Buffalo Cops Wage War on Pedal Pushers

 

More than two dozen Buffalo police officers attacked a peaceful group of bicyclists on 6:30 p.m. on Friday evening, May 30. They kicked some and beat several with clubs and Mag-Lites. They arrested nine of them on the kind of trumped-up felony charges cops always levy when they’ve started a mess they shouldn’t have or beaten up folks they had no right to have been bothering in the first place.

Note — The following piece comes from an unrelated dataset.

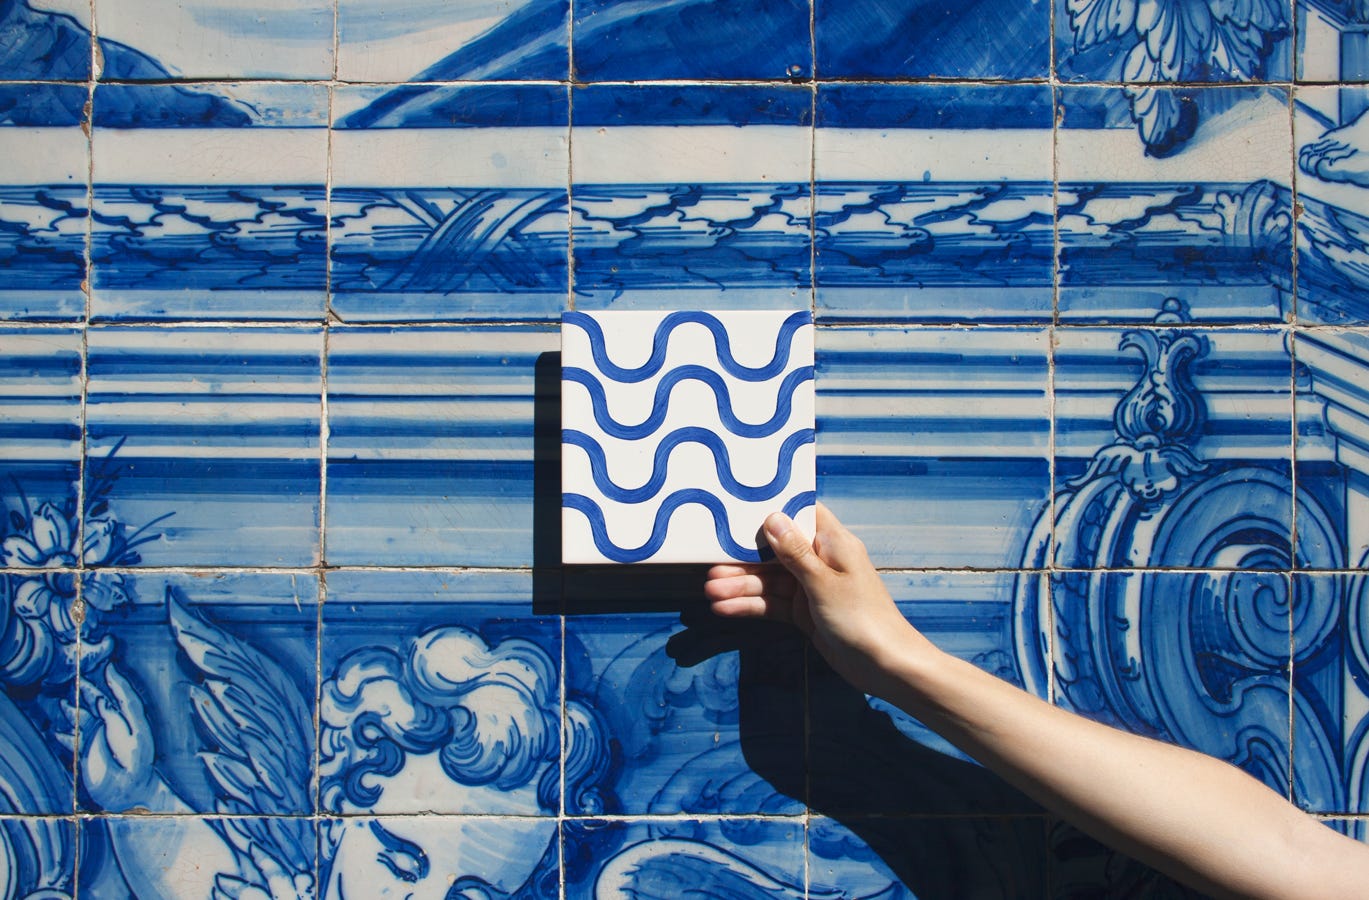 Uno scorcio di una parete di Porto, decorata con le tradizionali piastrelle bianche e azzurre. Al centro dell'immagine, una mano regge una piastrella bianca decorata con onde azzurre.

It’s unlikely that the Buffalo police department will discipline the cops who rioted or that they’ll initiate a training program to help the more excitable members of the patrol force differentiate between perps committing felonies and ordinary folk riding bicycles. The best thing that could happen at this point would be for Erie County district attorney Frank Clark to find a tactful way to toss all these bogus charges into his prosecutorial garbage can as soon as he possibly can.

Critical Mass

The bicyclists were taking part in a Critical Mass event. Critical Mass is more an idea than an organization. Part of the idea is, get a bunch of bicyclists together and ride around town to alert folks to the virtues of non-fossil-fuel transportation and to make people aware that bicycles aren’t an interference with traffic but rather a legal part of traffic. It’s all very laid-back and benign. No speechifying or postering the walls. Just a bunch of folks riding in pleasant company around town, letting other folks know that there are transportation possibilities other than cars and SUVs.

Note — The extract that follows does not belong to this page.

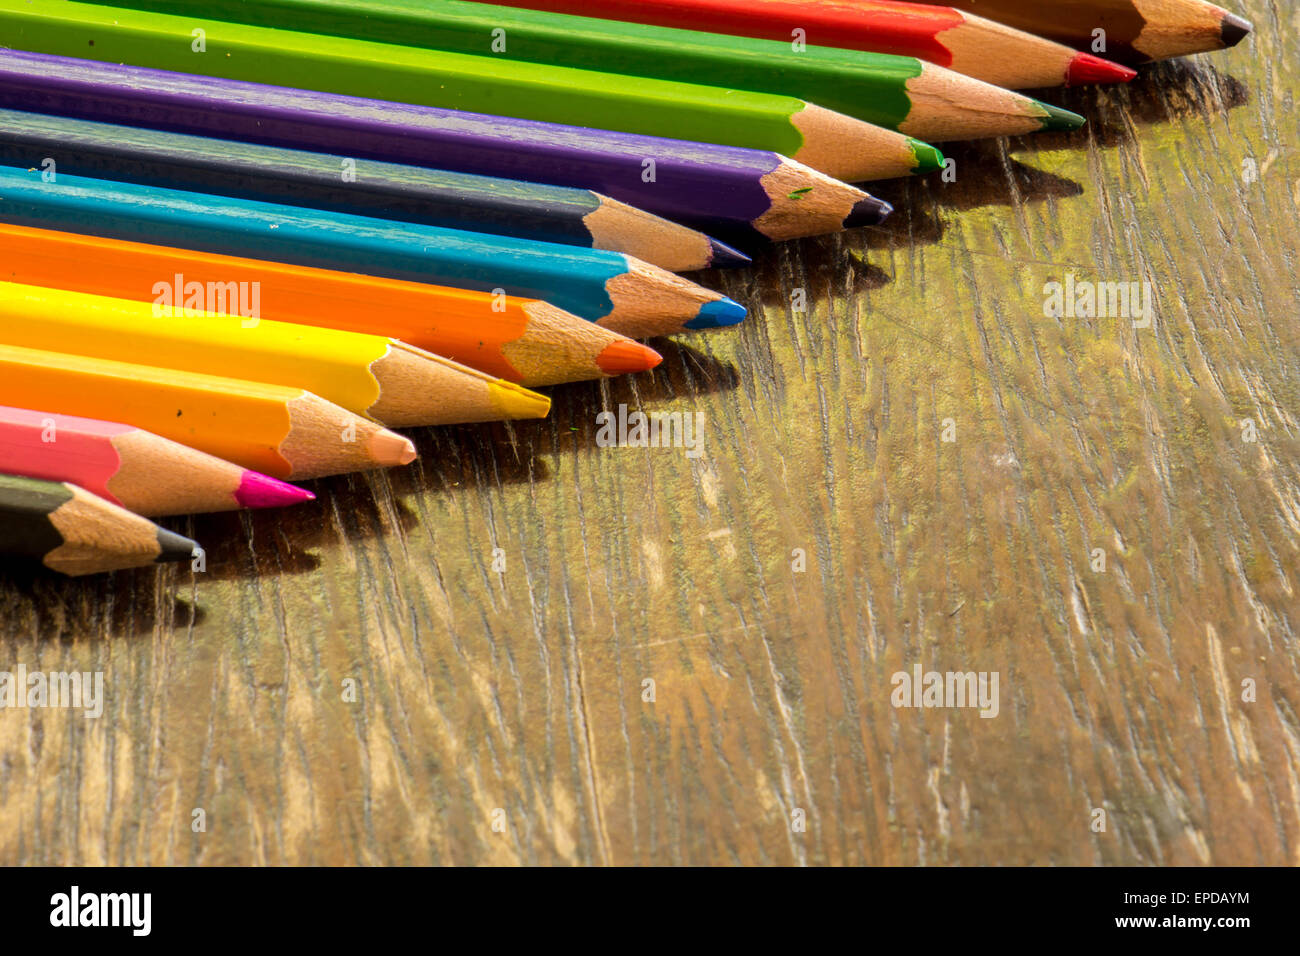 Trier les revêtements de crayons, couleurs vives, rouge, jaune, noir, orange et vert. Banque D'Images

The first Critical Mass in Buffalo took place three years ago. Police had that peleton (as anyone who has ever watched the Tour de France on tv knows, a peleton is a group of bicyclists in motion) pull over while they tried to figure out something to charge them with. They couldn’t find anything, so they let the group go. They charged one person with resisting arrest. I assume that charge was simply to demonstrate that they were doing useful police work when they stopped the group and couldn’t come up with a legal reason for having done so. The charge was dismissed.

According to the police charges and reports, the cyclists were a swarm of violent villains and malefactors: the nine people arrested were charged with felony riot, illegal assembly, obstructing governmental administration, resisting arrest, disorderly conduct, failing to get out of the way of a police car with its siren going, kicking and biting and saying dirty words.

Unfortunately for the police, the whole event was well-photographed, not just by people in the group but also by some people who ran into a nearby convenience store, purchased disposable cameras and began shooting away. The police tried to stop one photographer they seemed to think was getting too close to the violence, Professor Michael Niman of Buffalo State College. They grabbed Niman, pummeled and kicked him, handcuffed him, and shoved him into a police car. He managed to hand his camera to Janet Hinkel, who continued taking pictures with it.

I suspect that some of the cops later wished they’d arrested Niman’s camera too, because the sequence of shots in it show everything from the police stopping the peleton and ticketing two of the riders at the rear, the rest of the group watching in obvious good humor, the first arrests and brutality, and then, further arrests and brutality.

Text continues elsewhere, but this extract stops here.